§ What needs to be done:
Restate the listing below word for word, omitting any images.

§ Raw data:
########

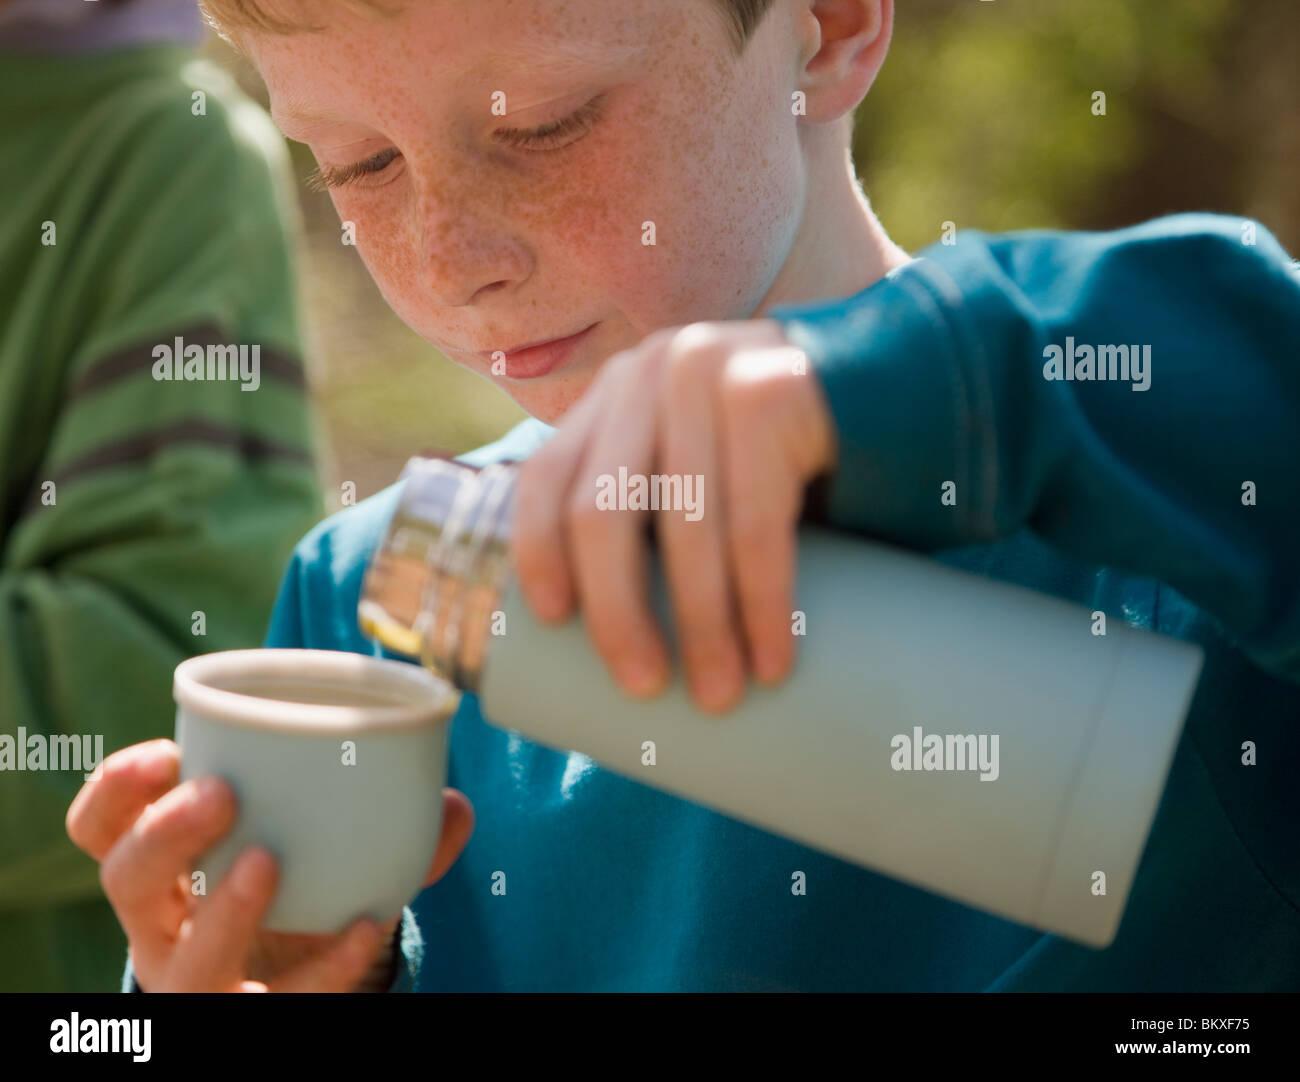 Chiusura del giovane ragazzo versando acqua dalla beuta isolata Foto Stock
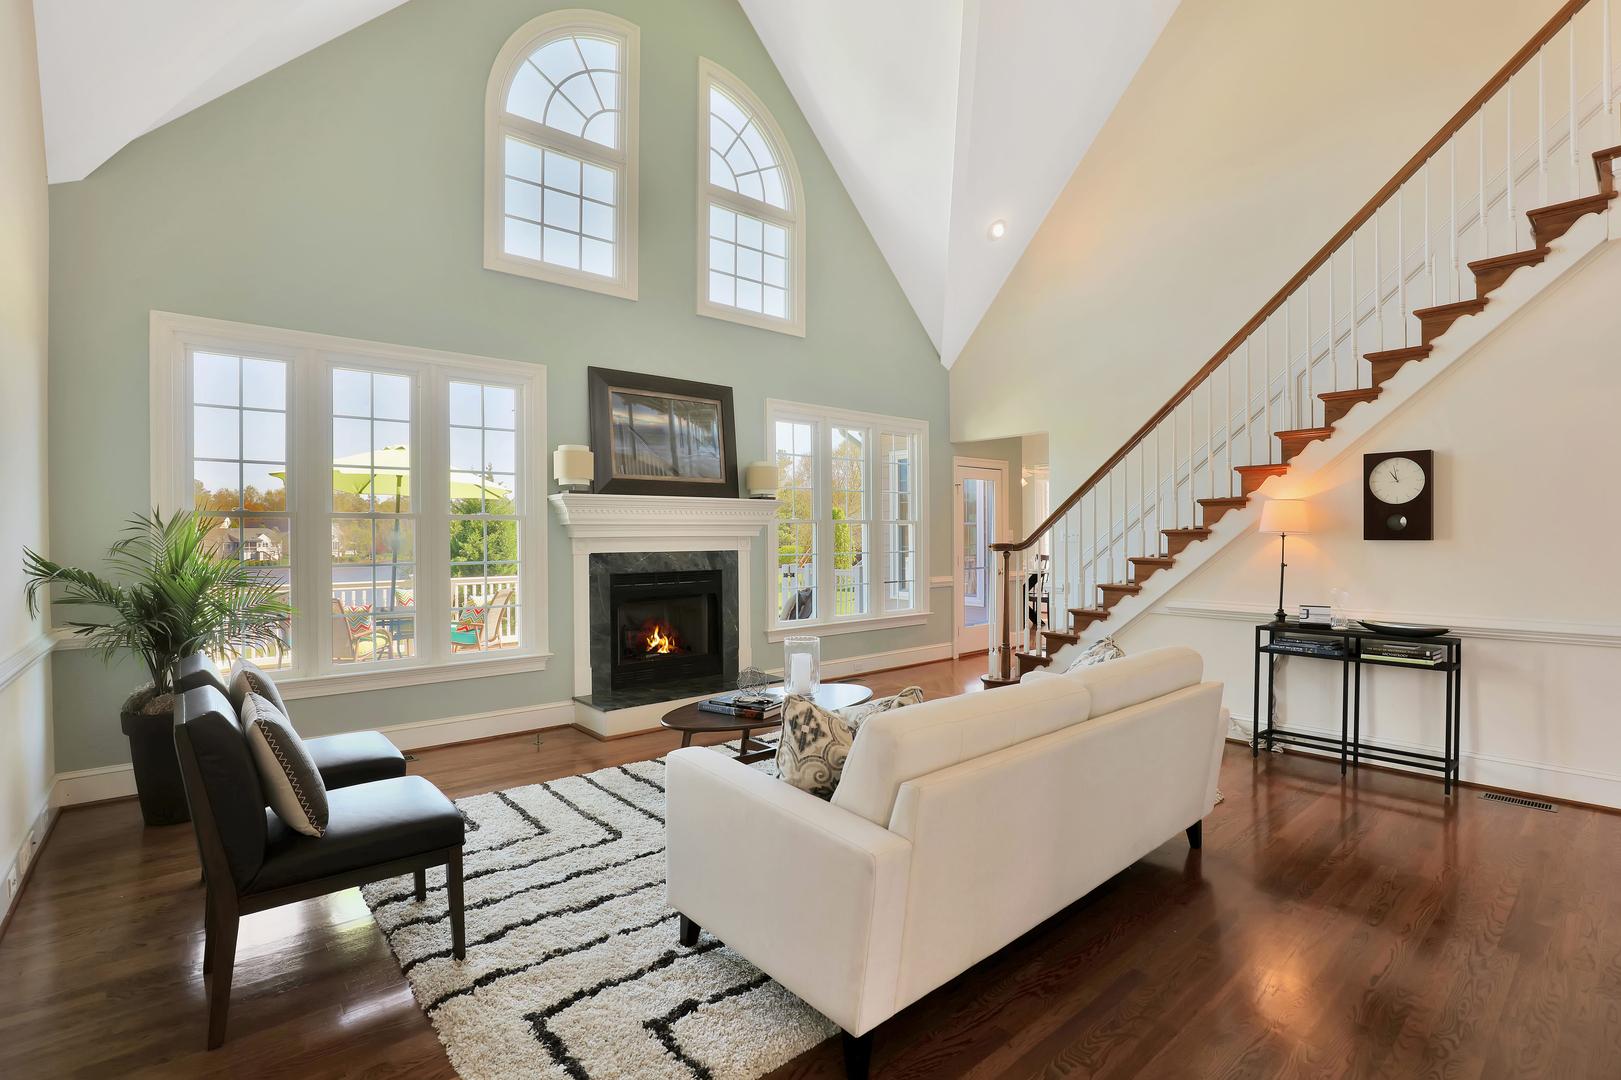 Jsquared Interior Staging Design In Richmond Va 23226
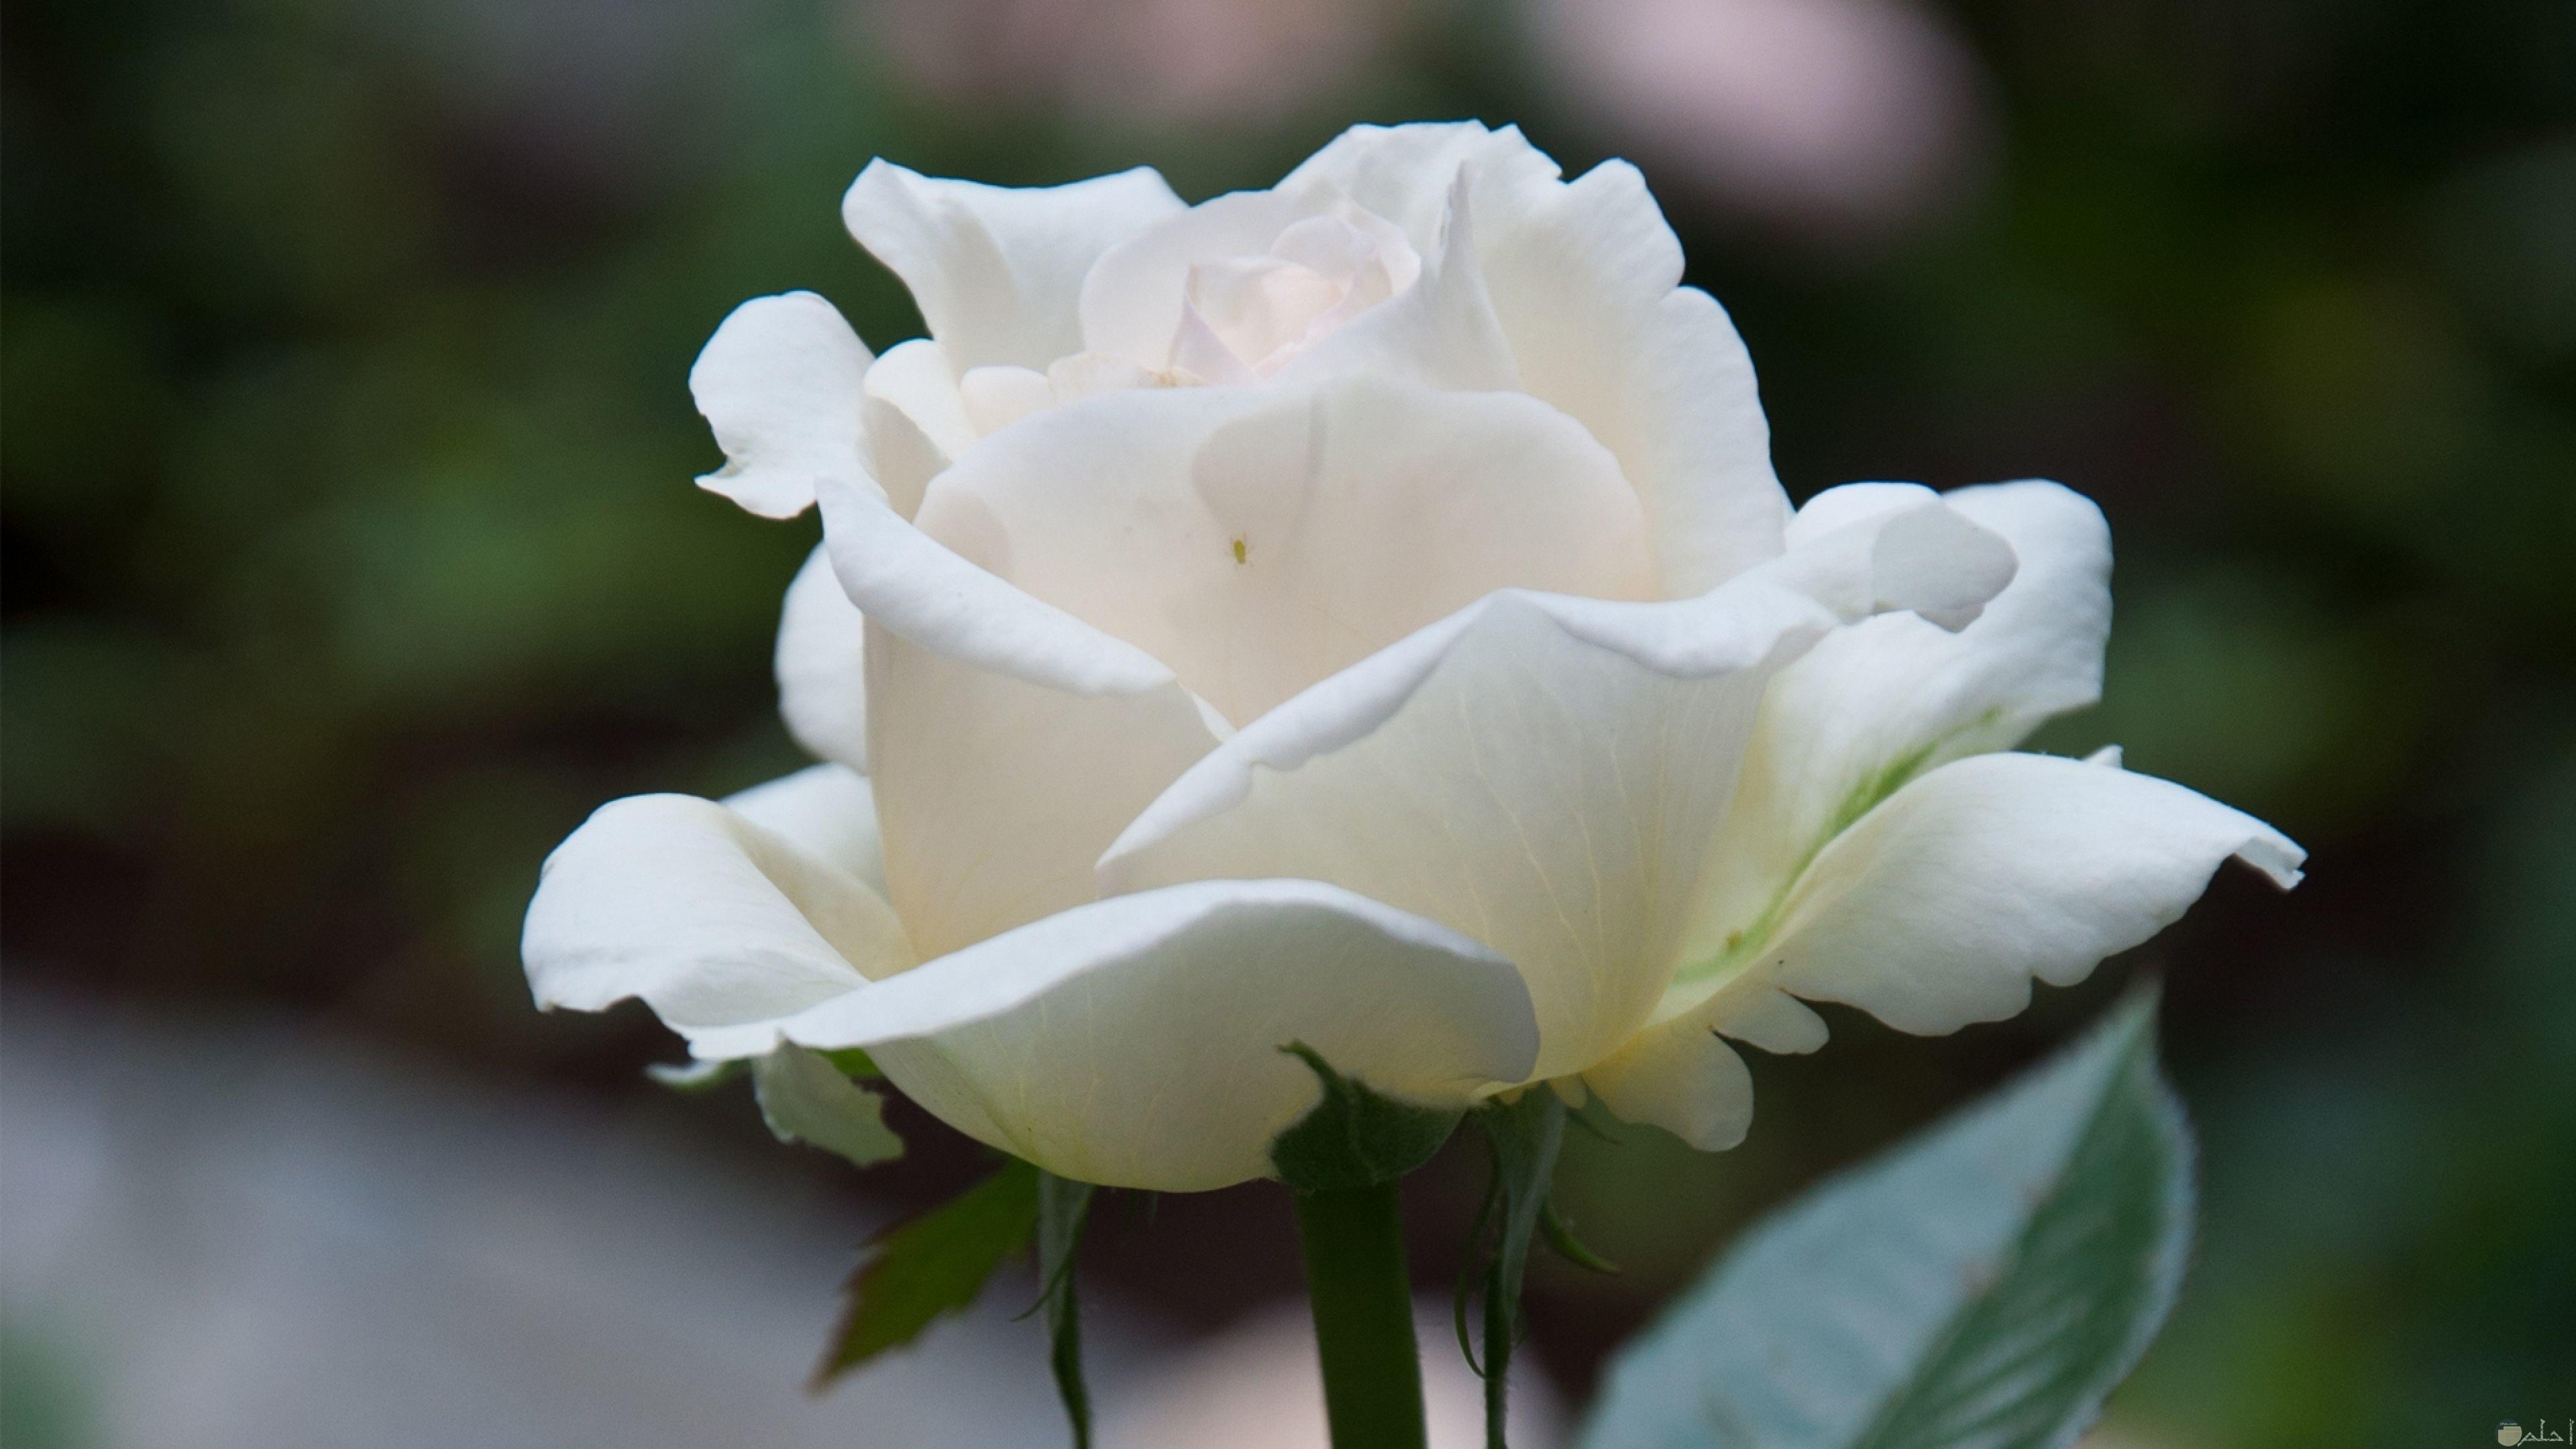 ورده جميلة بيضاء مبهجة

########

§ Written solution:
 Chiusura del giovane ragazzo versando acqua dalla beuta isolata Foto Stock
 Jsquared Interior Staging Design In Richmond Va 23226
 ورده جميلة بيضاء مبهجة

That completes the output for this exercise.